There’s that word again. It’s not one I’d use outside of quotation marks, but I wouldn’t feel right pretending it wasn’t in common use 100 years ago.

Hattie Bell’s childhood sounds like a scene from a Disney movie about the Old South. “When the farmhands came in in the evening we waylayed Uncle Joe. ‘Tell us a tale about Mr. Turtle, Mr. Raccoon, or the terrapin.’ All the time children were climbing on Uncle Joe’s knees. Our prime favorite we always saved for last was ‘Brer Rabbit and the Tar Baby.’ ‘And what next, Uncle Joe?’ He always ended with, ‘I lef’ bout that time.’” I remember my Aunt Mame telling me the same story, generations later.

Hattie Bell remembers “Aunt Lou,” born two years before emancipation, who often stopped by after breakfast, hoping there was still coffee in the pot. She remembers Queen, who was her “first friend” when she married and moved to Mississippi. Queen did laundry and other chores for Hattie, more for barter than cash, especially during the Depression. Hattie made clothes for Queen. Hattie made a frilly pink dress for Lougenia, Queen’s daughter, but Lougenia took sick and died before she could wear it. Queen came to Hattie for a white dress to bury her in, declaring she wouldn’t let Lougenia “rise in pink.”

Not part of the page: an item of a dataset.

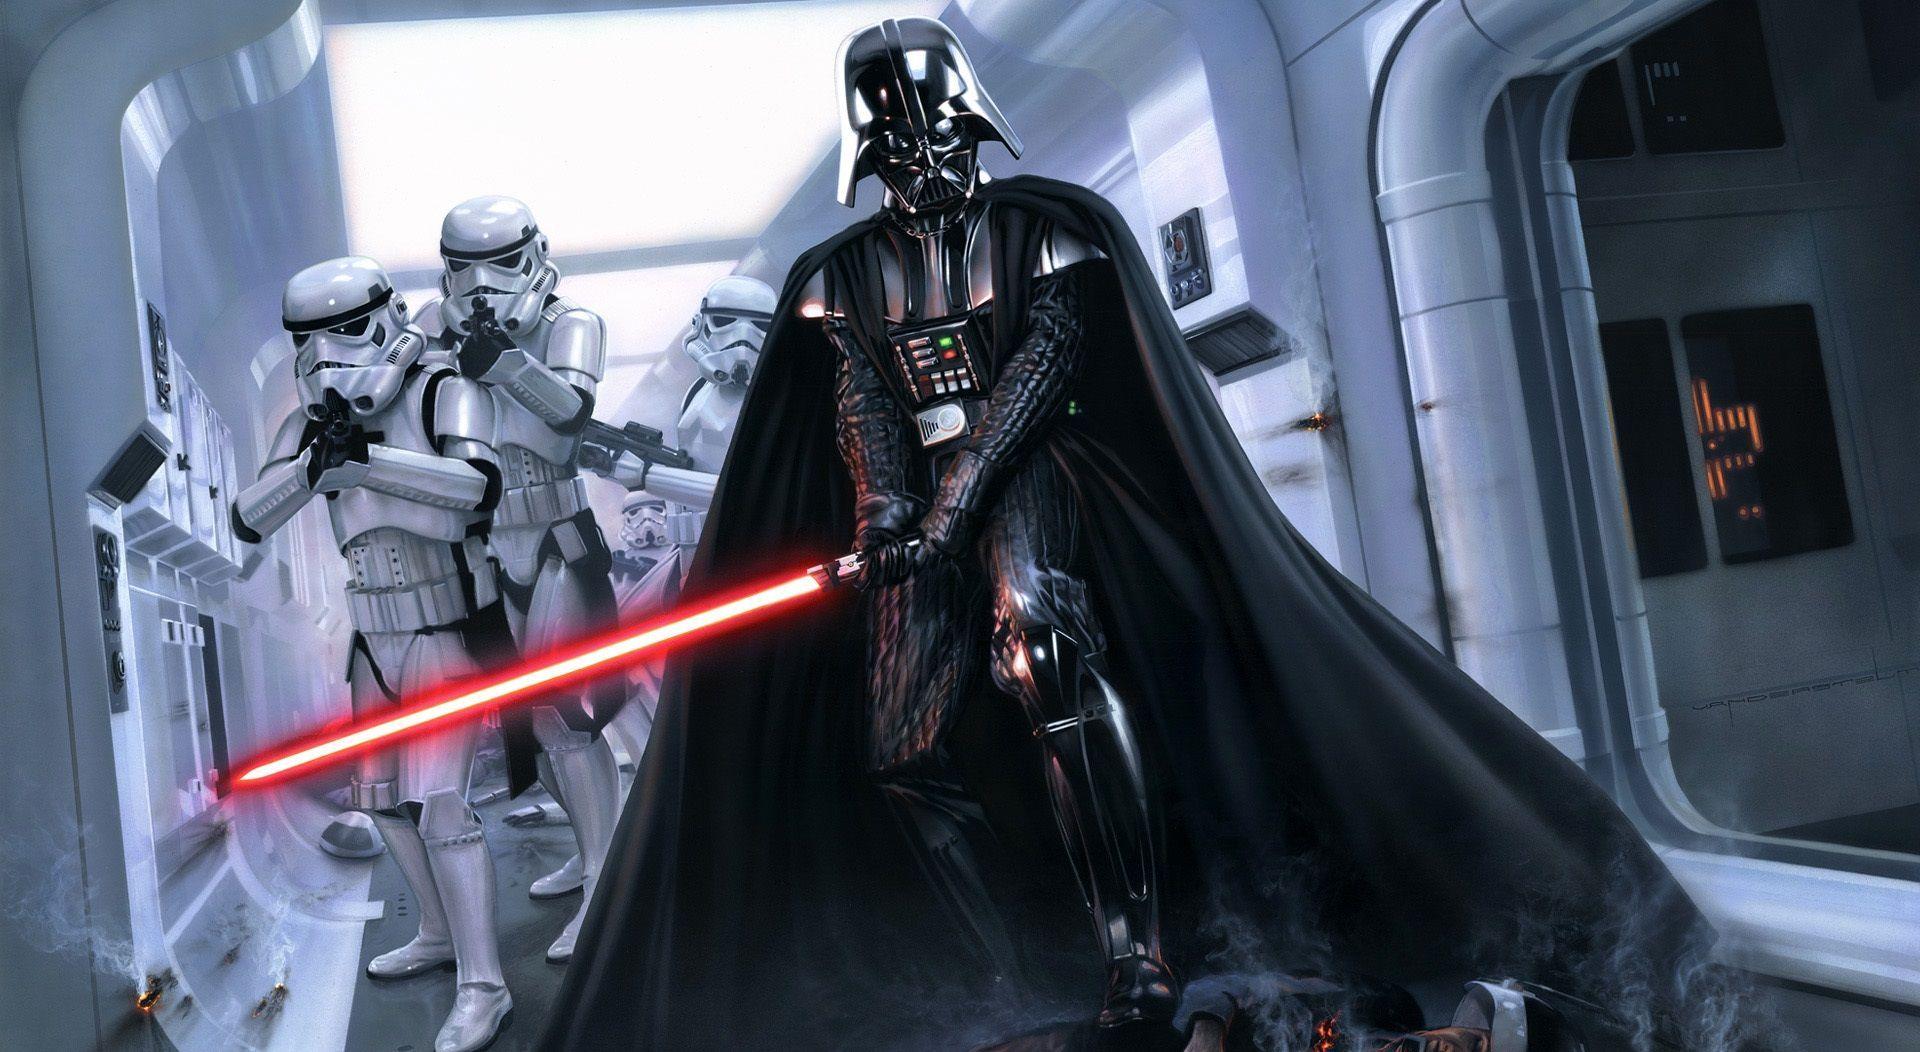 11449 - ¿Cuánto sabes realmente de Darth Vader?

Hattie Bell and her husband, Bob, had a hired hand whose name was Arthur Lee but everyone called him Foot. Bob said Foot was “the best hand, most profitable hand he ever had, in spite of his ways. Foot did not know how old he was, couldn’t read or write.” Bob paid Foot in cash each Saturday noon and Foot headed to town. “The Saturday night things were not good for Foot,” Hattie writes. “I told Bob if he would not advance him that money there could be no shooting craps and tea, and then the trip to jail to pay him out the next day. Foot would come home that day and sober. Bob said ‘now, now. You must leave that to me. His little Saturday night spree is his outlet. Foot will be fine come Monday morning.”

“The love of whites and blacks is based on an honest mutual understanding,” She writes. I don’t know about that. I wish I had the memoirs of Foot and Queen for comparison.

But I’m struck again by the intimacy that existed between black and whites back then, especially between children and their caregivers. “In those days most little white children in our circle of acquaintance had a ‘black mammy,’” Mame Davis (Mabel Boyd Davis Jr., born in 1915) writes in her memoir. “My mammy was Aunt Liney, and I loved her dearly.” After Queen died, Hattie Bell’s children loved Lula May and Lizzie, and she continued to make dresses for the children of her servants. She lists family members and the women who helped raise them. The children, she says, “were devoted to their family, but they always preferred black arms around them.”

“A special bond of love exists that no amount of racial disturbance can effect,” Hattie Bell writes. That special bond was real, no doubt, just as a farmer can feel a special bond with his cow, a child with her dog. They may even call it love, but that’s not the same as a bond between equals.

Aunt Hattie Bell Davis Jackson, 1930s.